• [Work required]
Leaving out all pictures, write out word for word the lines from the one containing "Ch-9 Chemistry by pragya joshi - issuu" to the end of the data below.

• [Dataset extract]
# # # # # # #

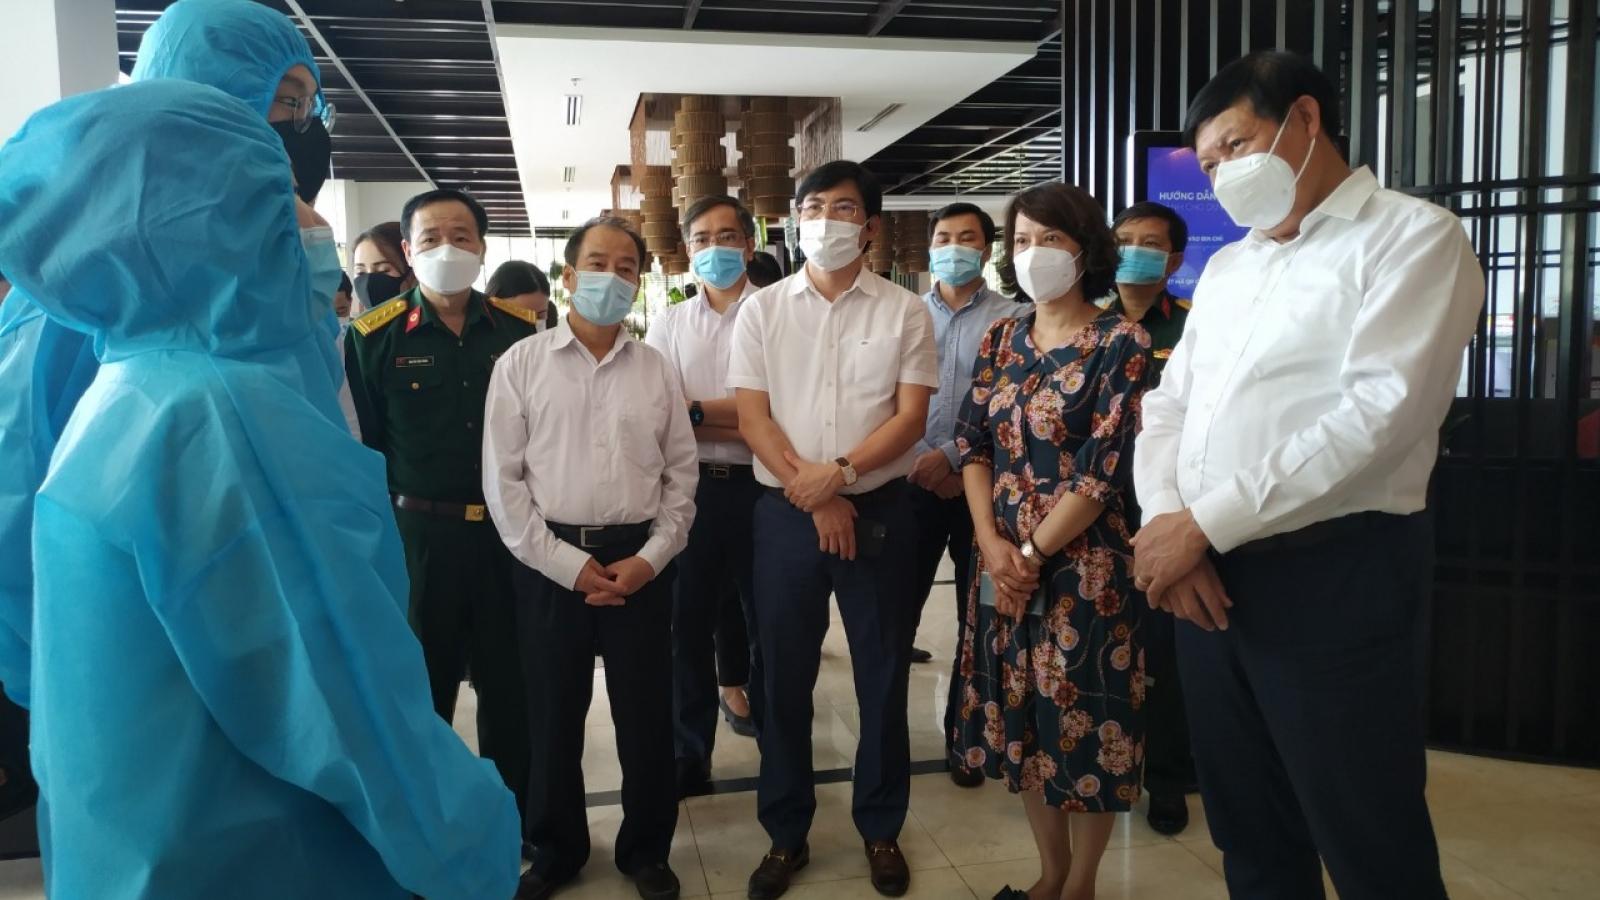 Bộ Y tế làm việc vớiQuảng Ninh về phương án cách ly y tế 7 ngày với người nhập cảnh
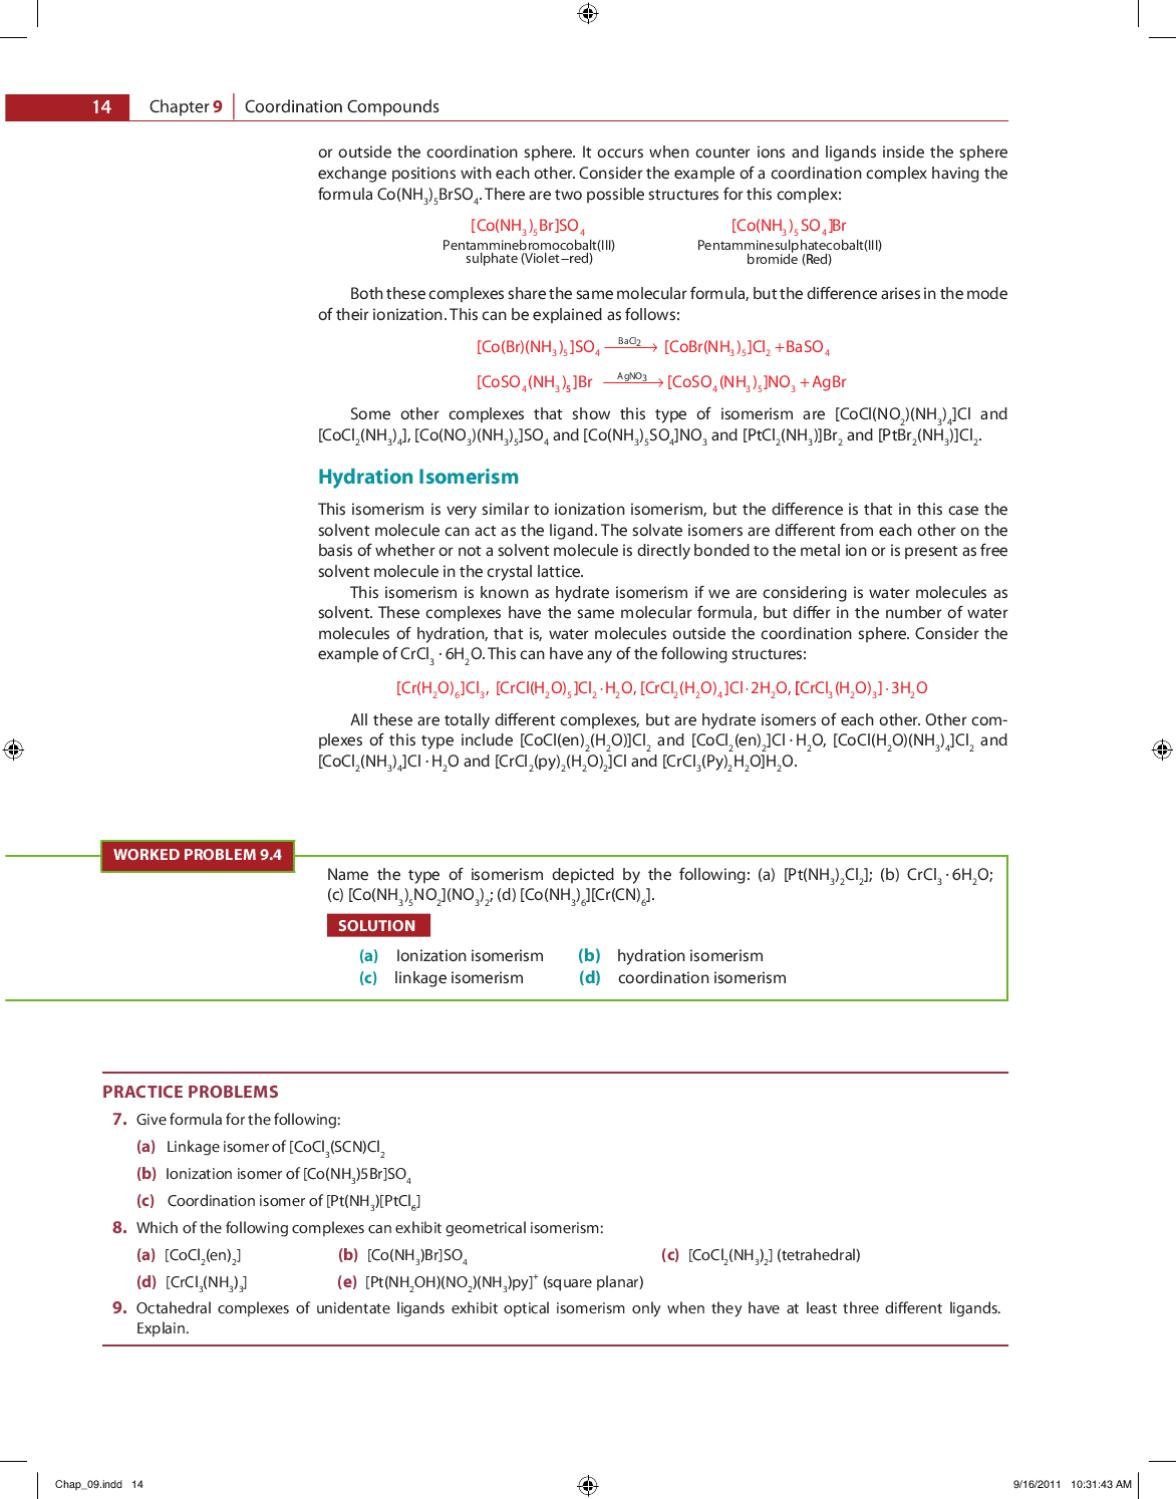 Ch-9 Chemistry by pragya joshi - issuu
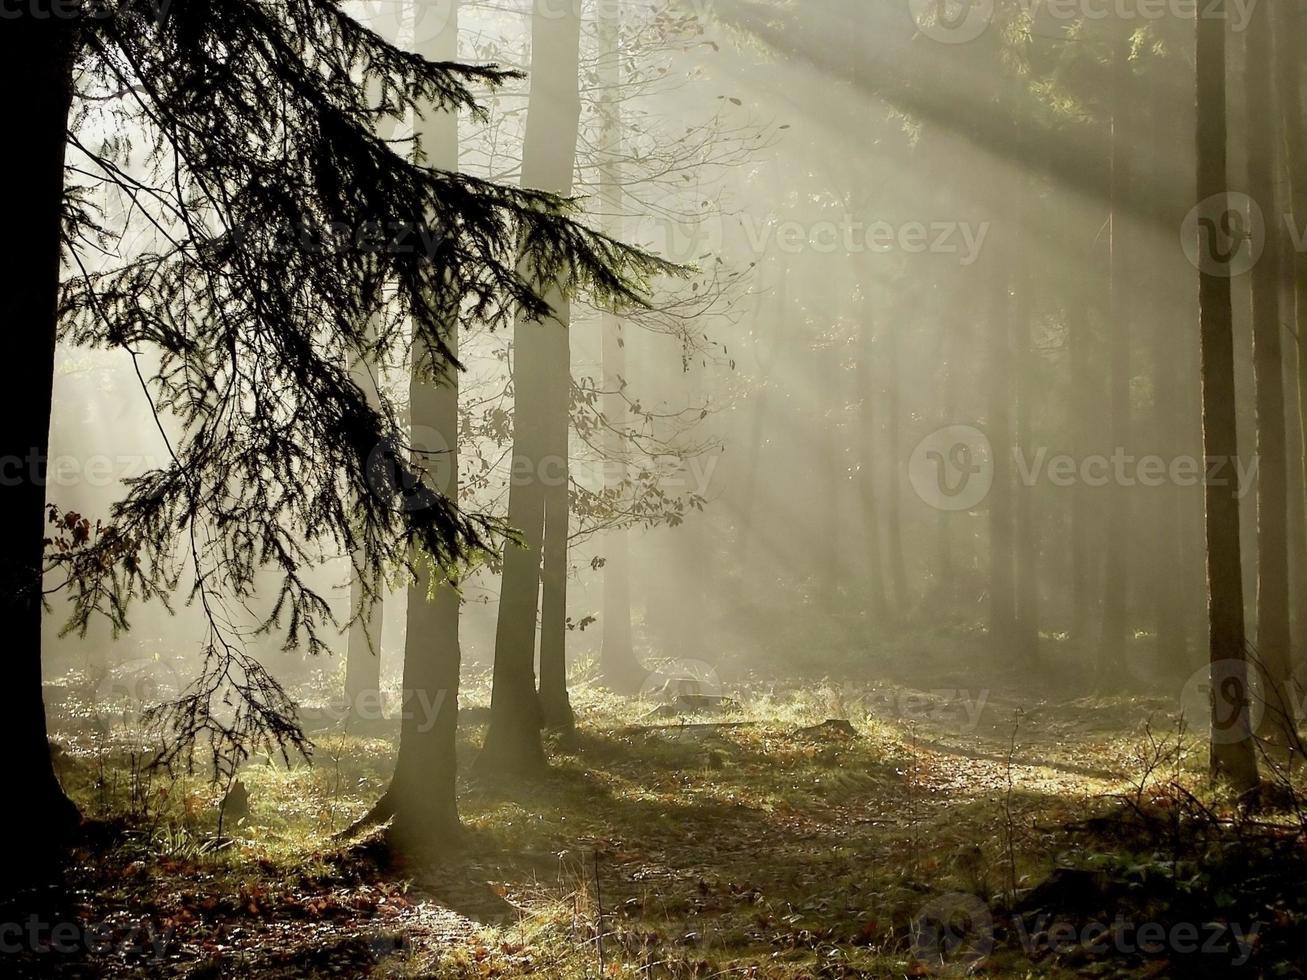 vista da floresta de coníferas ao amanhecer com a luz brilhando foto
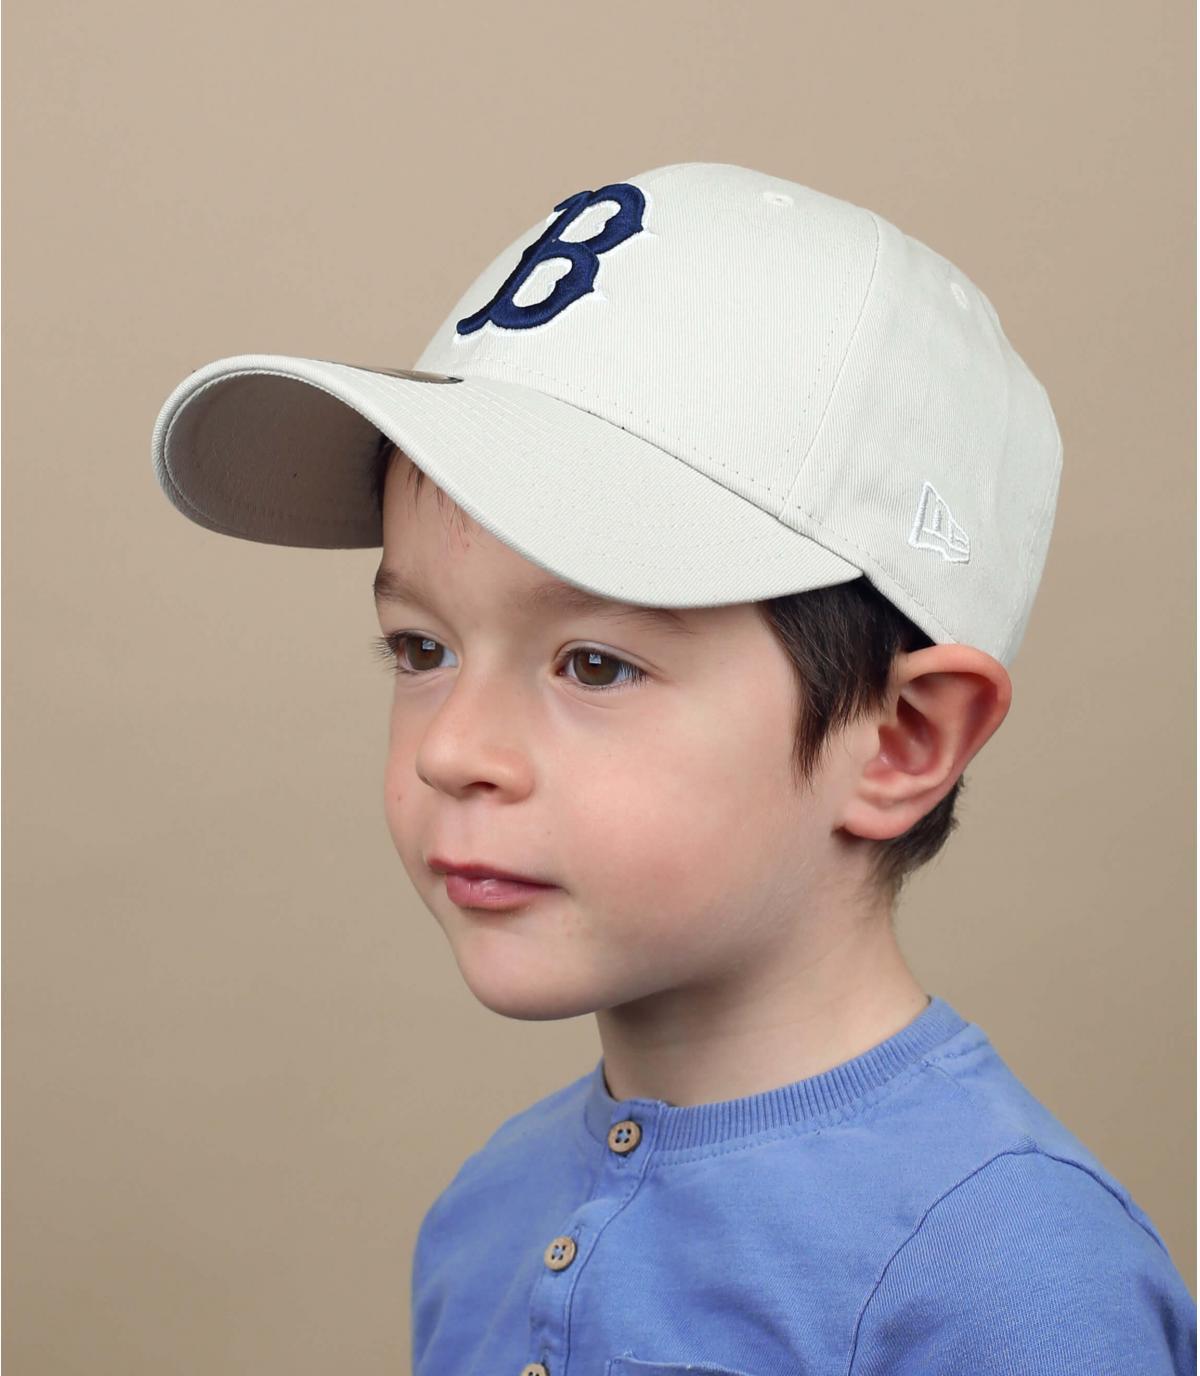 berretto B per bambini beige

# # # # # # #

• [Solution]
 Ch-9 Chemistry by pragya joshi - issuu
 vista da floresta de coníferas ao amanhecer com a luz brilhando foto
 berretto B per bambini beige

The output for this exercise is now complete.